The Europeans' budget balances are deteriorating too, but in the meantime they are spending like, well, Europeans: as well as the 220-billion-euro transit blitz, part of the 213 billion euros earmarked for the 2000-2006 instalment of the EU's Structural Funds will go to an infrastructure program targeted at the continent's poorer regions.
As Vander Ploeg notes, a 1999 report by the International Institute for Management Development in Switzerland ranked Canada 45th for the quality of its roads, 43rd for its railways, 35th in energy. Canada does much better in high-tech infrastructure. The Canada Foundation For Innovation has poured billions into the nation's campuses. Research labs are sprouting like mushrooms. There is much to admire in that choice. But as McGill's Mirza says, "sooner or later you have to put your high-tech product in a truck and deliver it on a road."
The good news is that Paul Martin understands this state of affairs. The bad news is that the pressure on him to look elsewhere will be intense.
Anyone wondering why Martin has become an ardent advocate of a "New Deal For Cities" should be starting to figure it out by now. Four Canadians in five live in cities. The bulk of the infrastructure gap, although by no means all of it, has accumulated in Canada's cities. Revenue from property taxes, which provide a disproportionate share of municipal revenues, fails to grow when the economy - and voters' expectations - do. Two-year infrastructure programs are useless to a mayor deciding whether to begin a 15-year upgrade to his sewer system.

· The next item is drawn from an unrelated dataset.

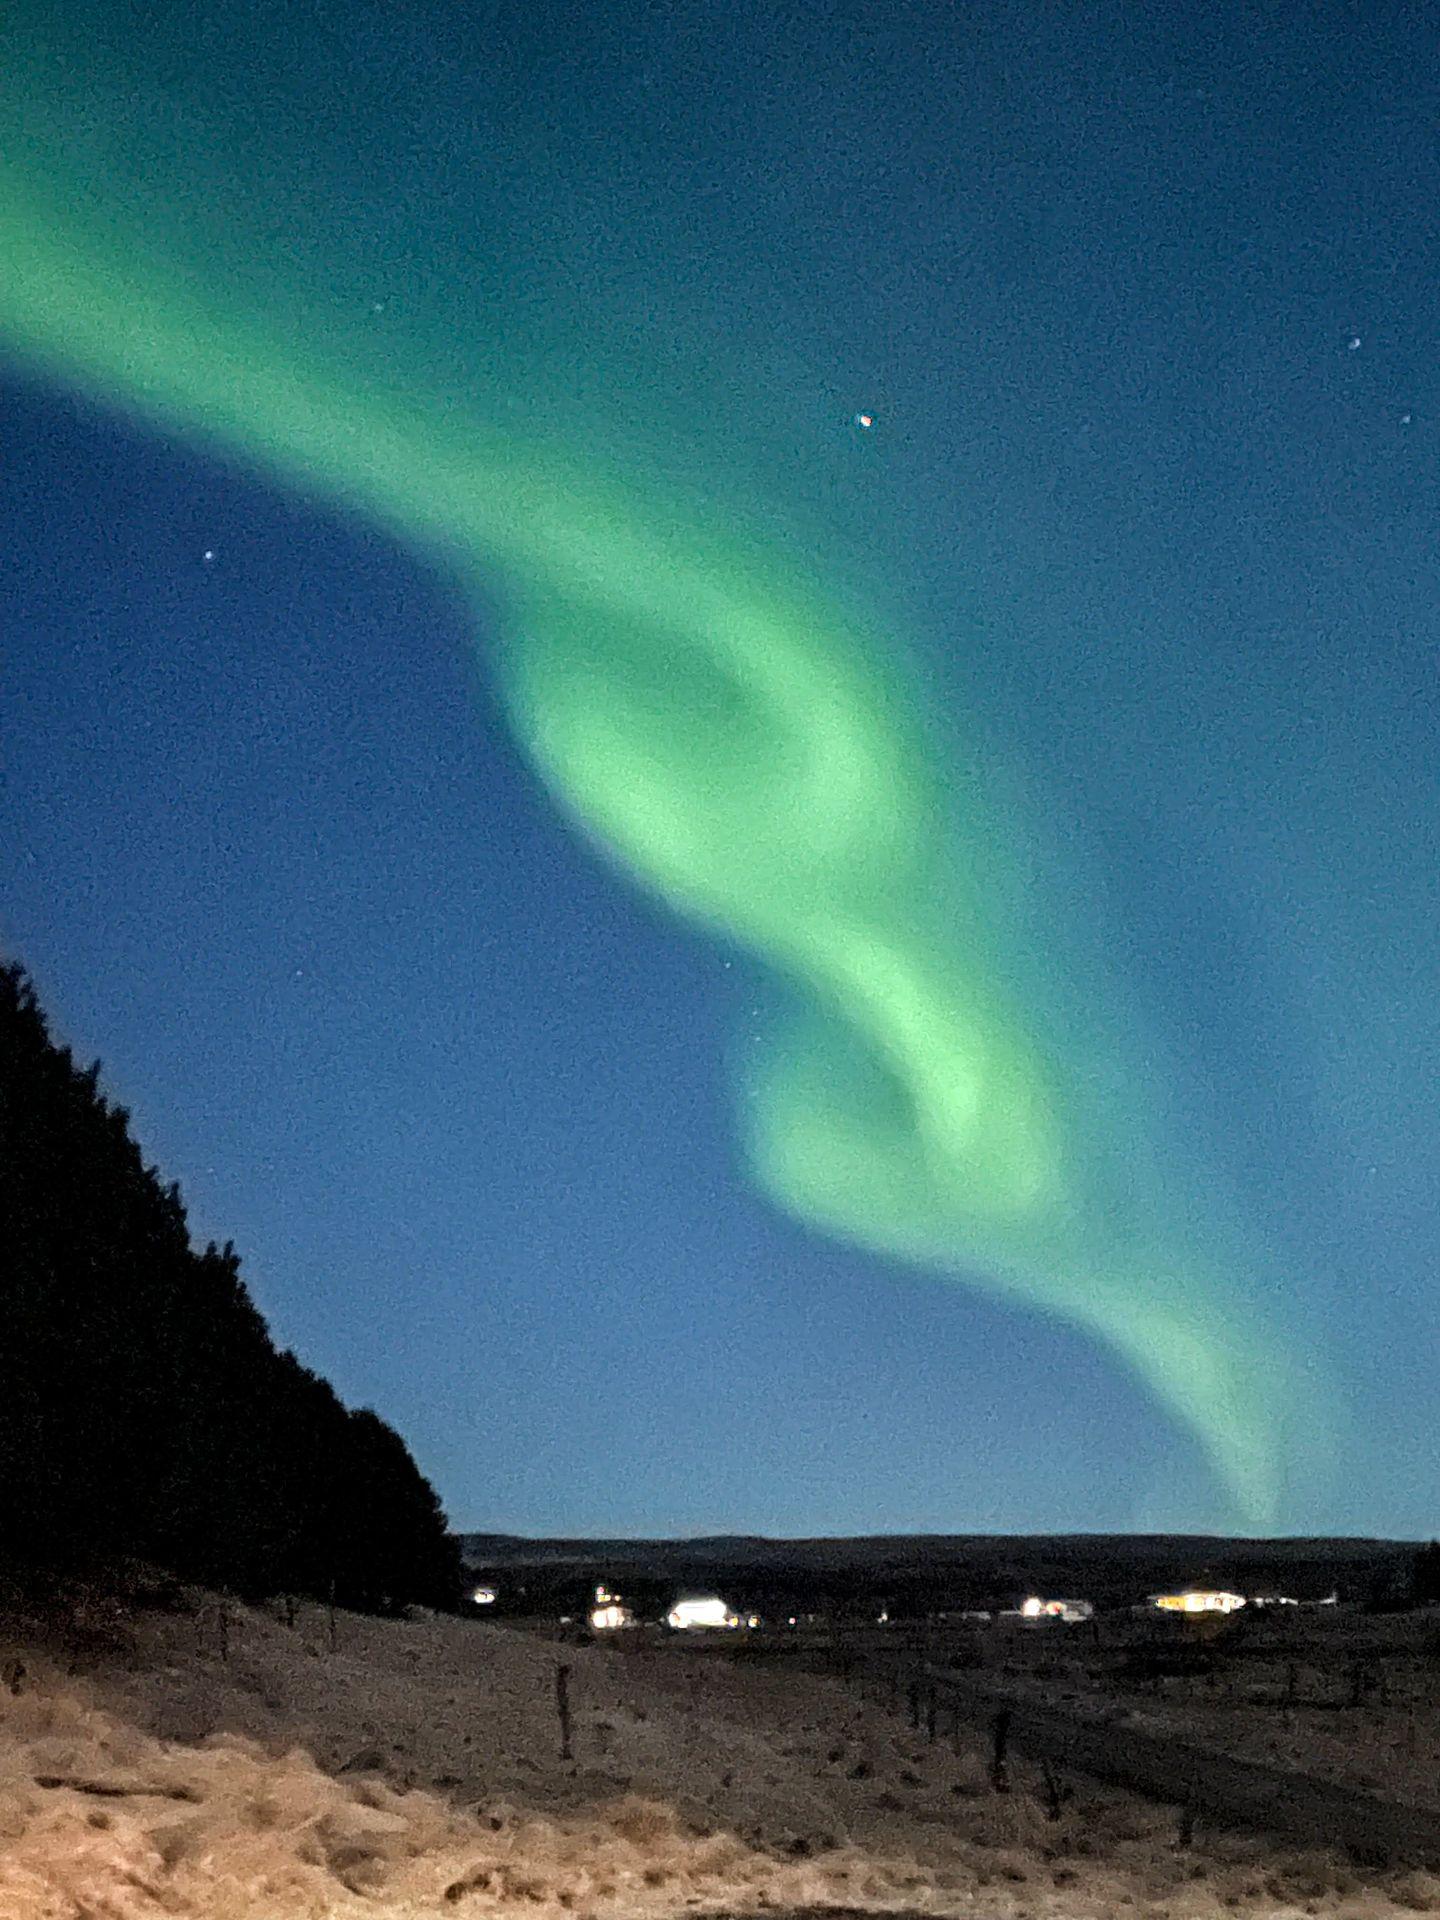 A green display of the Northern Lights. The lights twist around in a way that looks like a rope.

After years of goading from the Federation of Canadian Municipalities and several prominent mayors, Martin has come to embrace the idea of guaranteeing municipalities a fixed share of federal gas-tax revenue. That would take care of cities' qualms about the predictability of transfers and about the way property-tax revenue flatlines during an economic boom.
What it won't address is the sheer scale of the infrastructure gap. "The short answer is, it's not sufficient," Vander Ploeg said. "It's a step in the right direction." How big a step? That depends on Martin's ability to shield infrastructure spending from all the other demands on the public purse. "No matter how long it takes," Martin told the Union of B.C. Municipalities, "we are going to provide Canadian municipalities with a portion of the federal gas tax."
Great. How long? What portion? Martin will get back to us on that: "Just how much tax room is vacated by the federal government, and at what pace, will have to be negotiated depending on the state of the government's finances," he told the FCM in Winnipeg. The state of finances, in turn, depends on the state of other priorities Martin has also embraced: new tax cuts, debt reduction, research, aid to Africa, military helicopters. Oh, and still more money for health care.
He has luck on his side, in the form of an opposition consensus that he's not serious about cities. James Moore, the Canadian Alliance's transportation critic, dismisses Martin's urban-renewal plans. So does Jack Layton, the NDP leader and an even more formidable opponent on this file because he was president of the FCM when it made infrastructure a national issue. The threat of trouble from across the aisle has historically been the surest spur to Liberal action.
But the supply of dollars will never come close to matching the supply of demands. The hard choices about how to allocate dollars are now Martin's. Don't cry for him: he volunteered for the job. There will be days when he will wonder why.